View Full Version : Jokes/Pranks/and Everything Else
DispNowCopL8r
01-14-2002, 02:41
Ok we have a little prank war going on in our comm center right now, I am unfortunately in the middle of this...I need some tips, suggestions, or good experiences from all of you on pranks that have been played on you, or someone else in your center. This is very important I NEED TO WIN! PLEASE HELP!
MrJim911
01-14-2002, 05:25
Oh, where to begin.
If you guys use headsets take off their ear cushion(s).
Take off the mic piece on the headset.
Do you guys have lockers? Tape it shut or rig it so stuff falls out when they open it.
Switch keys around on the keyboard or just take them off completley. Heck, just unplug the darn thing.
Mess with the monitor controls.
At my agency we are able to sign off other users from other computers..GREAT thing to be able to do.... All of their functions stop working and they have no clue why. LOL
Speaker volume?
Flip the lights off in the PSAP and make them think the power went out.
Temporarily steal their lunch from the fridge or replace certain items.
I'm sure I'll come up with more......
I dont mean to be a wet blanket, I can give as well as I take.
BUT
Screwing with consoles, radio equipment or anything else that might cause someone in the field to be left hanging worries me a bit.
Use a little common sense.
Now fixing the handle on the dispatch chair so that it goes from
high to low when you sit down in it might work.
Leaving a urgent message for the enemy to call dial a prayer in the next city also might work.
If you can find someone with a slim jim, move their car while they are at work.
Have someone do a car stop with their vehicle at the liquor store.
lovers lane etc ( this works better in a smaller dept. )
Last but not least- completely filling their car with shredded paper (from dispatch) while they are working.
DispNowCopL8r
02-18-2002, 04:38
MrJim911,
Those worked like a charm, but I'm running out of ideas... anymore, anyone else have some they can help me with please!!!!!
MrJim911
02-18-2002, 05:49
I guess there is always the fake mouse on the floor under the console... Fake little spider on the keyboard? Colored paper in the printer? Send them an anonymous email that says their breath stinks... I think there is really a website where you can do this.
Of course lets all use common sense and not do this where it will cause a possible danger to field units or hurt feelings in the PSAP. :) Play nice!!
KYEMT325
02-18-2002, 06:31
One of my favorites...if you have departmental pagers, page them with the numbers to such things as....spouse abuse center, suicide hotline...and if you're really daring (as I was one day)...the mayor's office!!! We had an officer who kept playing pranks on me, and I knew he had applied with the city for a job, so I put the Mayor's Office number in the pager, and he called her and asked what she wanted!!! LOL then when he called me back at the Com Center, I would've loved to had a copy of that tape when he called me everything he could think of...LOL
Just a hint
Kahuna5150
02-18-2002, 12:20
Speaking of paging as a joke. Our intercom system in our department required a three digit # to activate from any phone, so you dial like 333 to get it to turn on. Someone, (a genius in my book) figured out, (bored night?) if you dialed our department's prefix and the first number of all the numbers, (confused I'll explain).
Main PD number 555-7000
Detectives 555-7250
Traffic 555-7648
Etc, (first four numbers are usually the same)
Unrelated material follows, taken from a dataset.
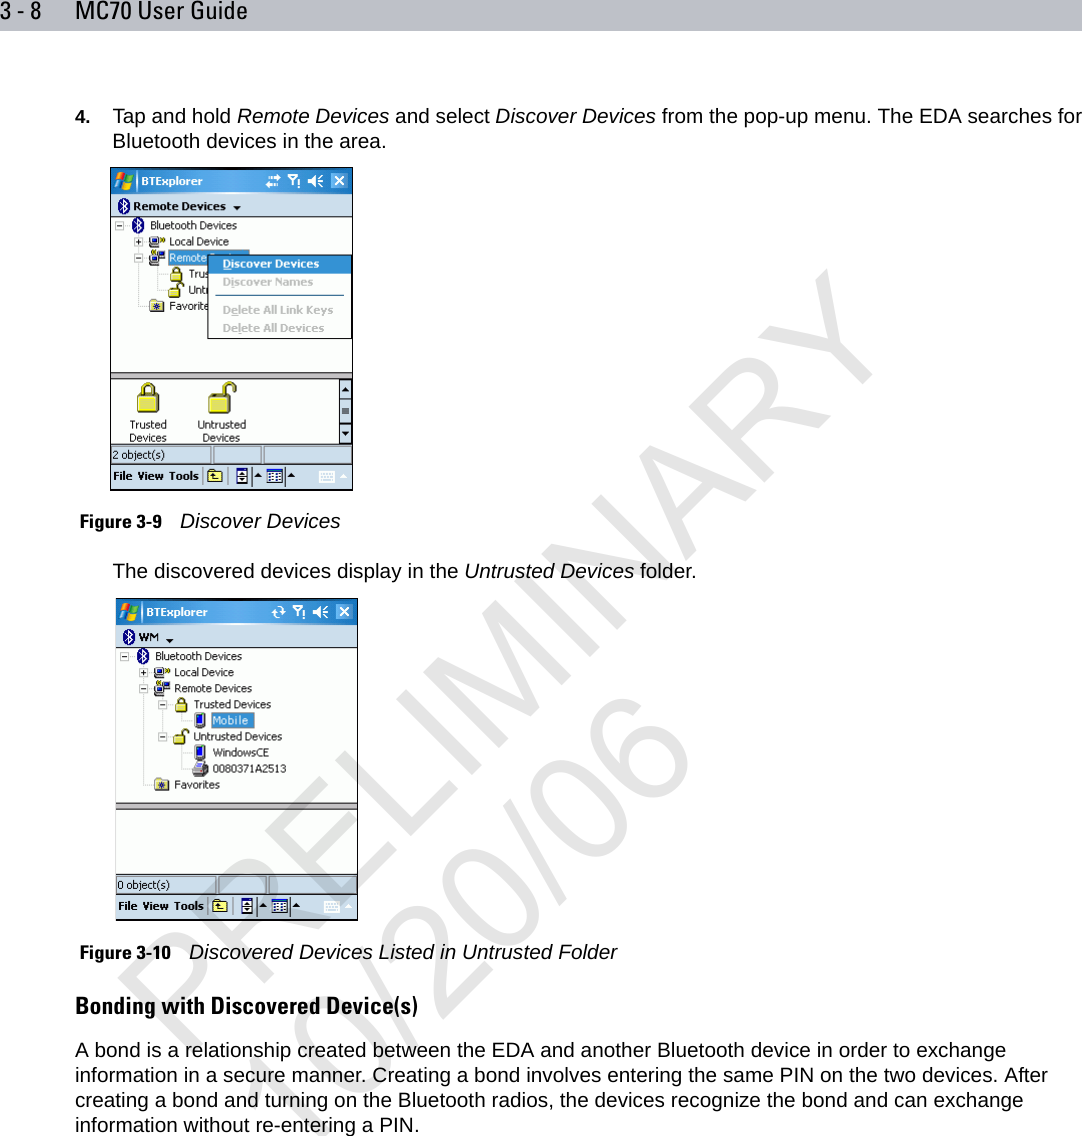 3 - 8 MC70 User Guide4. Tap and hold Remote Devices and select Discover Devices from the pop-up menu. The EDA searches for Bluetooth devices in the area. Figure 3-9    Discover DevicesThe discovered devices display in the Untrusted Devices folder. Figure 3-10    Discovered Devices Listed in Untrusted FolderBonding with Discovered Device(s)A bond is a relationship created between the EDA and another Bluetooth device in order to exchange information in a secure manner. Creating a bond involves entering the same PIN on the two devices. After creating a bond and turning on the Bluetooth radios, the devices recognize the bond and can exchange information without re-entering a PIN.PRELIMINARY10/20/06

So what this officer found out was that you simply dial 555-7333 (the 333 is the intercom from inside the building remember) you would get the same click and tone and could talk into the phone. So basically you can be *ANYWHERE* in the world and dial the PD to get on the intercom.
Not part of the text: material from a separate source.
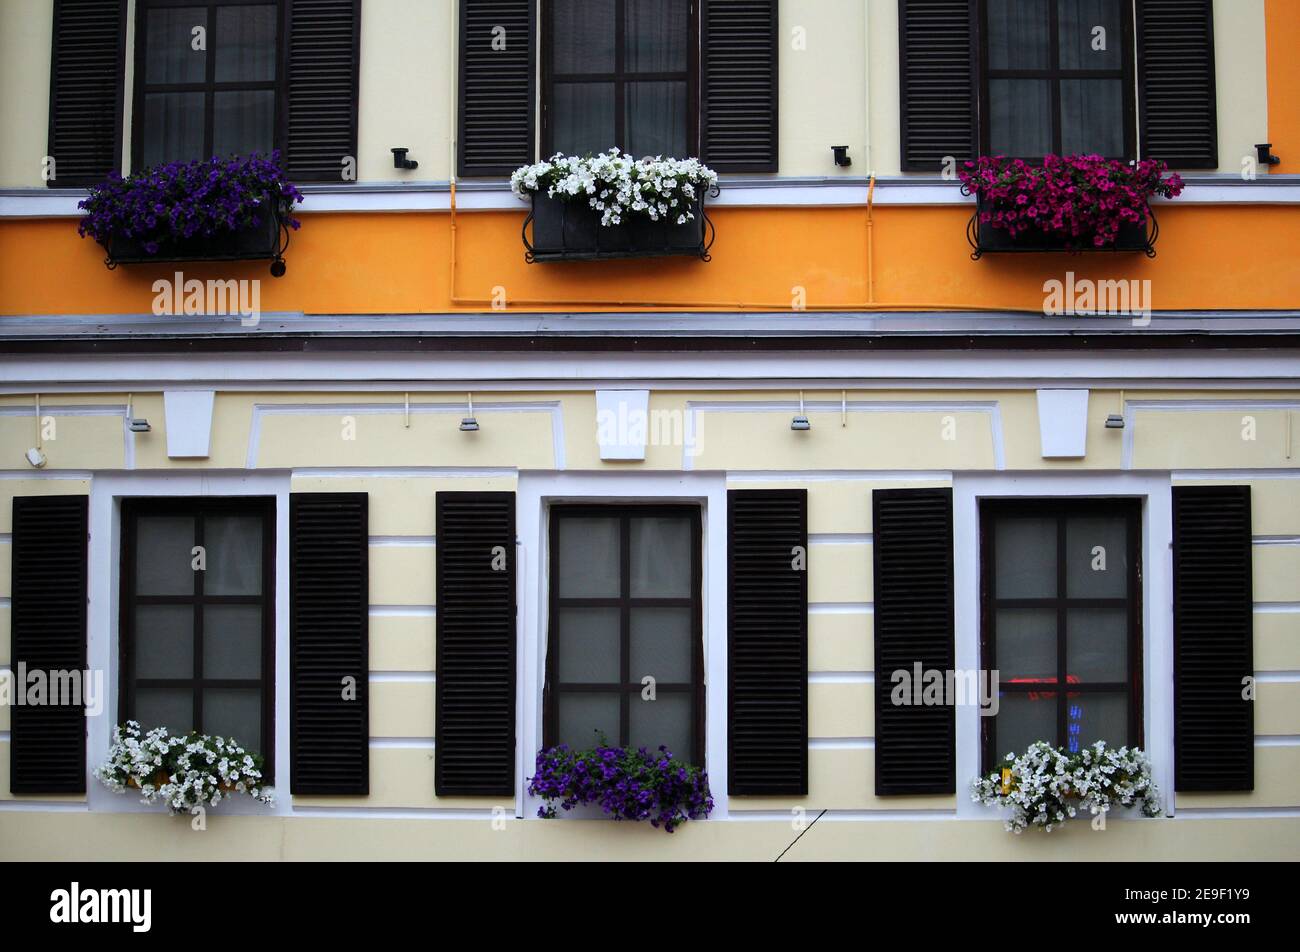 Flowers On A Windows With Open Shutters On Building Facade Stock Photo

More than one graveyard shift you would hear the Intercom click on and then, "Hello? Is anyone there? Did someone page (Insert name here)".
Can be quite funny after the 7th or 8th time they call the number, I have heard such treats as, "Listen as***le, if you don't stop paging me I'm gonna trace the number and pay you a visit".
Always a treat!
Kahuna
ladymoonlite
02-19-2002, 02:23
This took some planning on my employees' part, so I'll share it with you. Do you have ceiling fans in your center? We have four, and while I was lured out of the room by one telecommunicator, another team of TCs was placing MONTHS of saved confetti (from the three-hole punch) on top of the fan blades. Some time after my return, I was asked to speak to someone at their console (nearest the fan in question), and when the conversation was over she asked if I wouldn't mind turning on the fan while I was going by. No problem, says I, and DOWN COMES THE CONFETTI in a lovely and artistic pattern... EGAD that took a lot of vaccuuming!
Hey, if they don't give you a hard time, they don't really like ya!